• [SUPPLIED INFORMATION]
*** Block opens ***

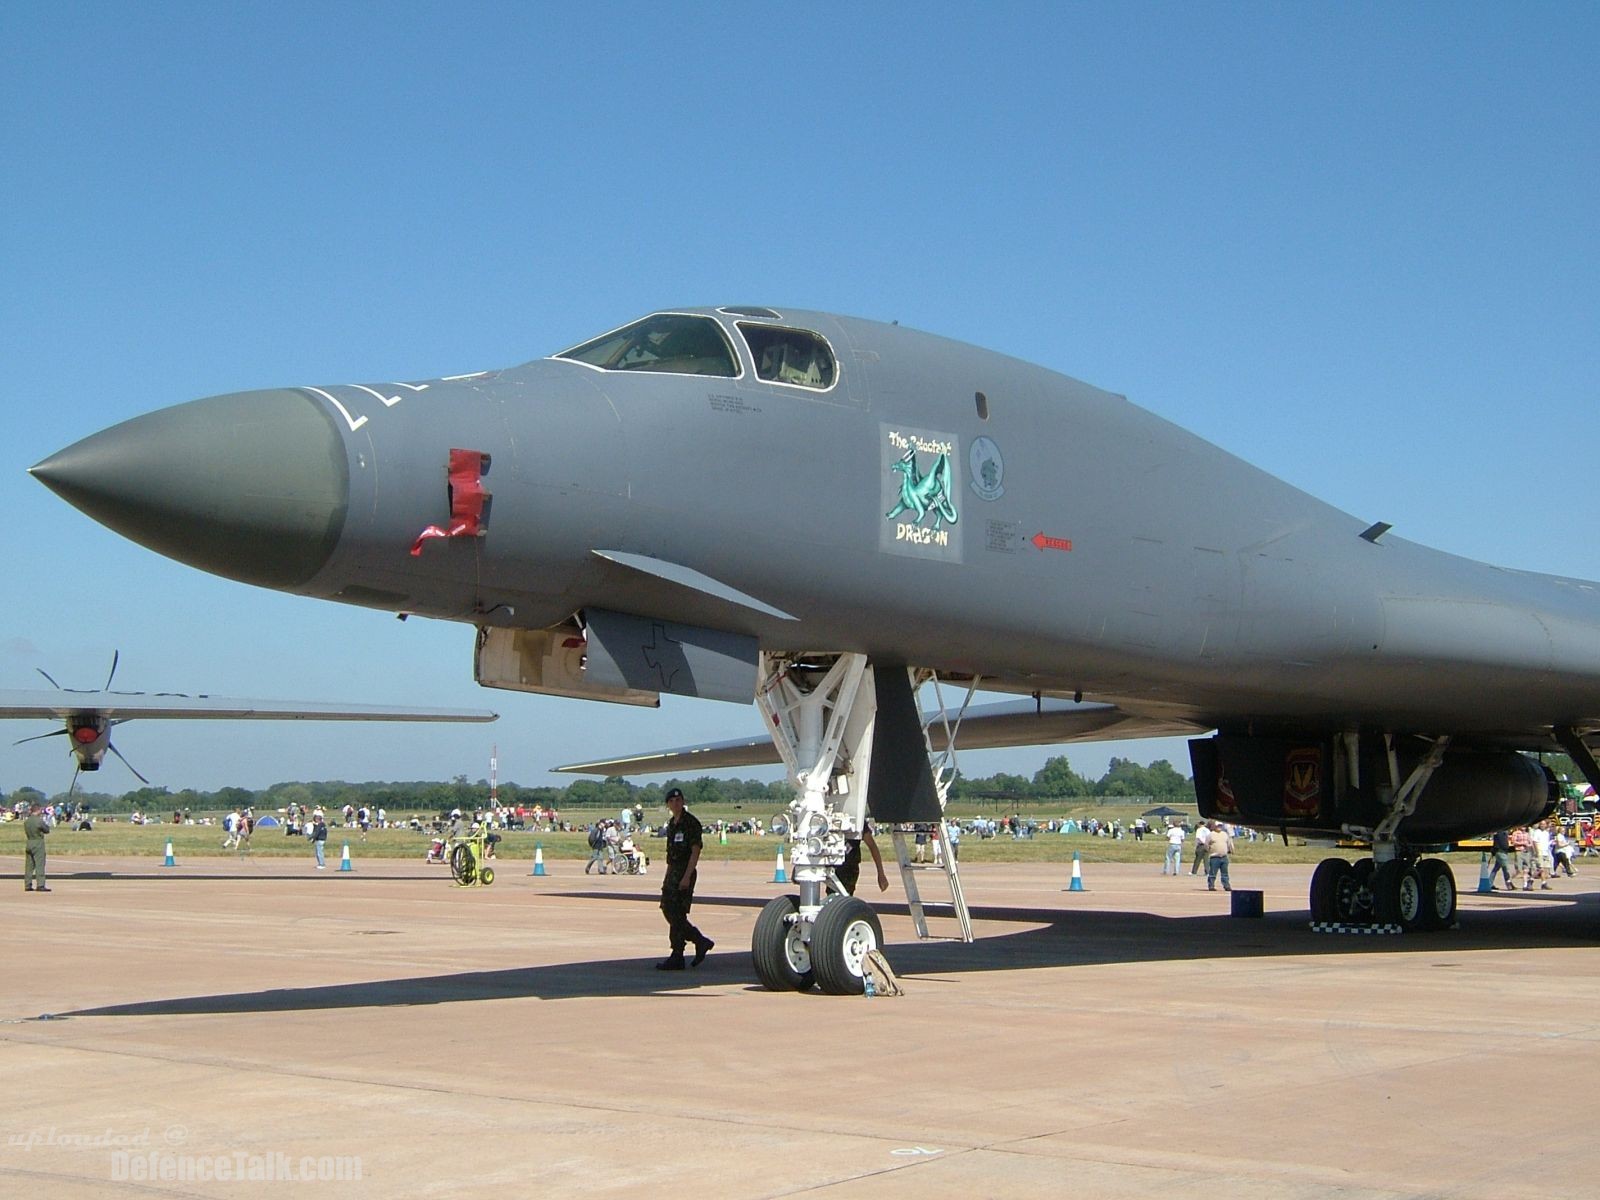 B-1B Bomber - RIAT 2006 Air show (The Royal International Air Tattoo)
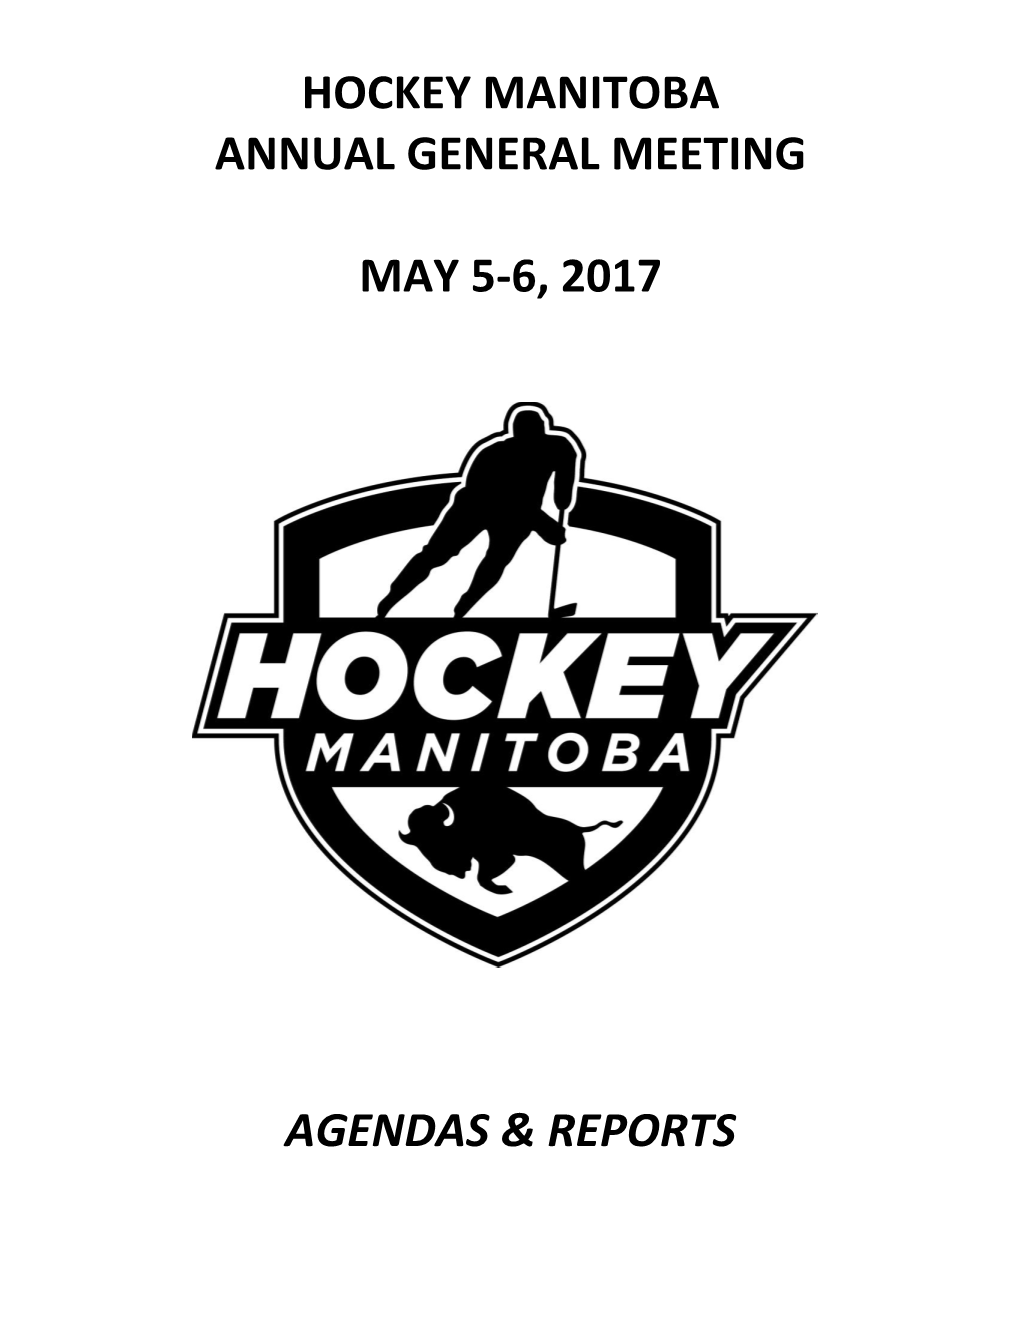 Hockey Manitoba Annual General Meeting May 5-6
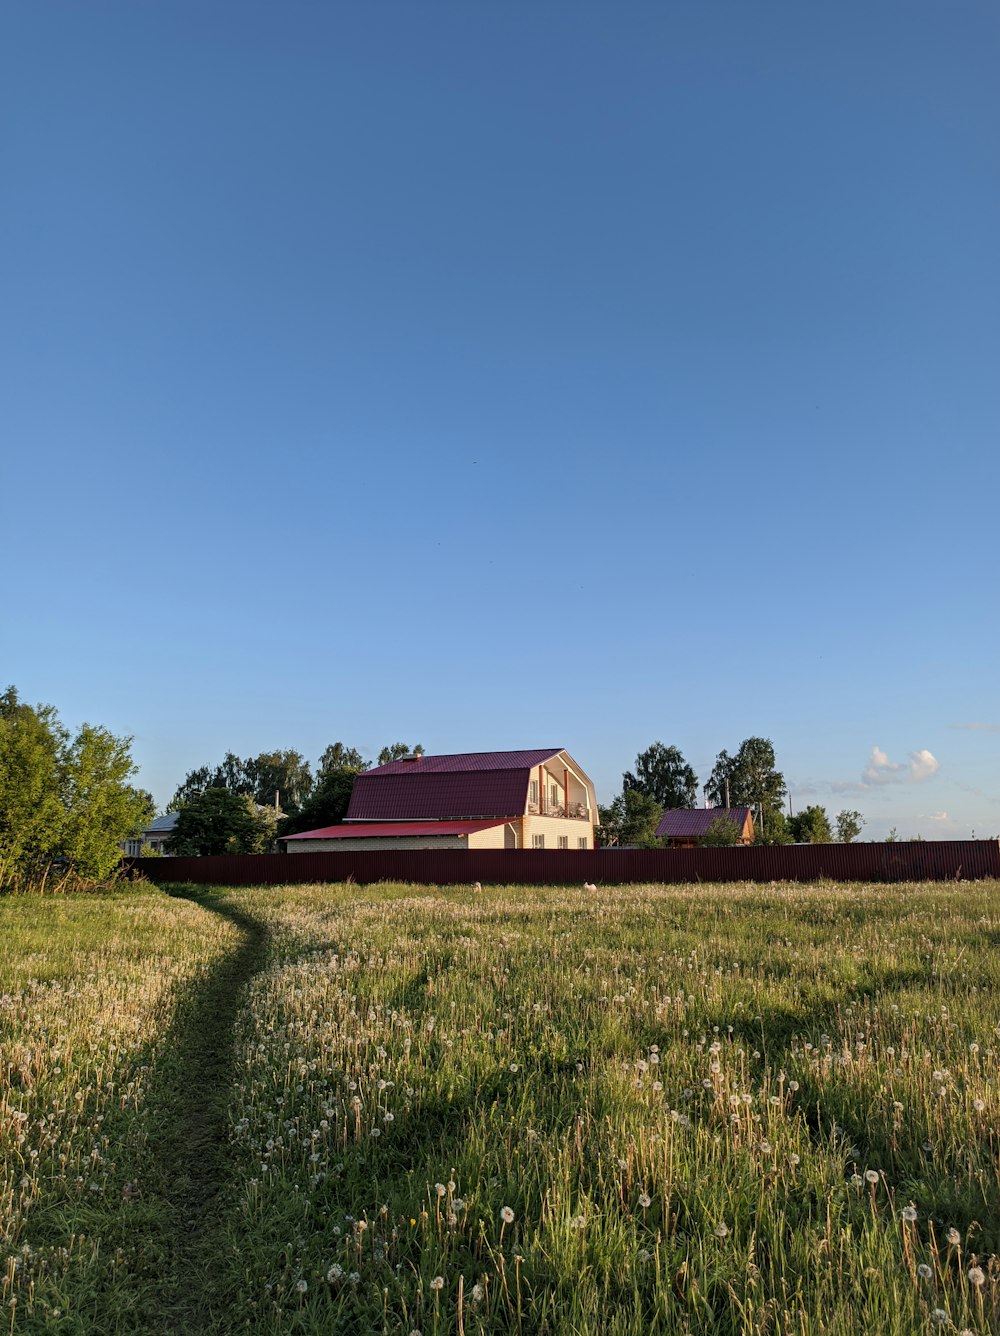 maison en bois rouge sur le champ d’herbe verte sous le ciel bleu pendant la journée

*** Block closes ***

• [TASK OBJECTIVE] What you give back must match the material word for word, with no images included.

• [WRITTEN SOLUTION]
 B-1B Bomber - RIAT 2006 Air show (The Royal International Air Tattoo)
 Hockey Manitoba Annual General Meeting May 5-6
 maison en bois rouge sur le champ d’herbe verte sous le ciel bleu pendant la journée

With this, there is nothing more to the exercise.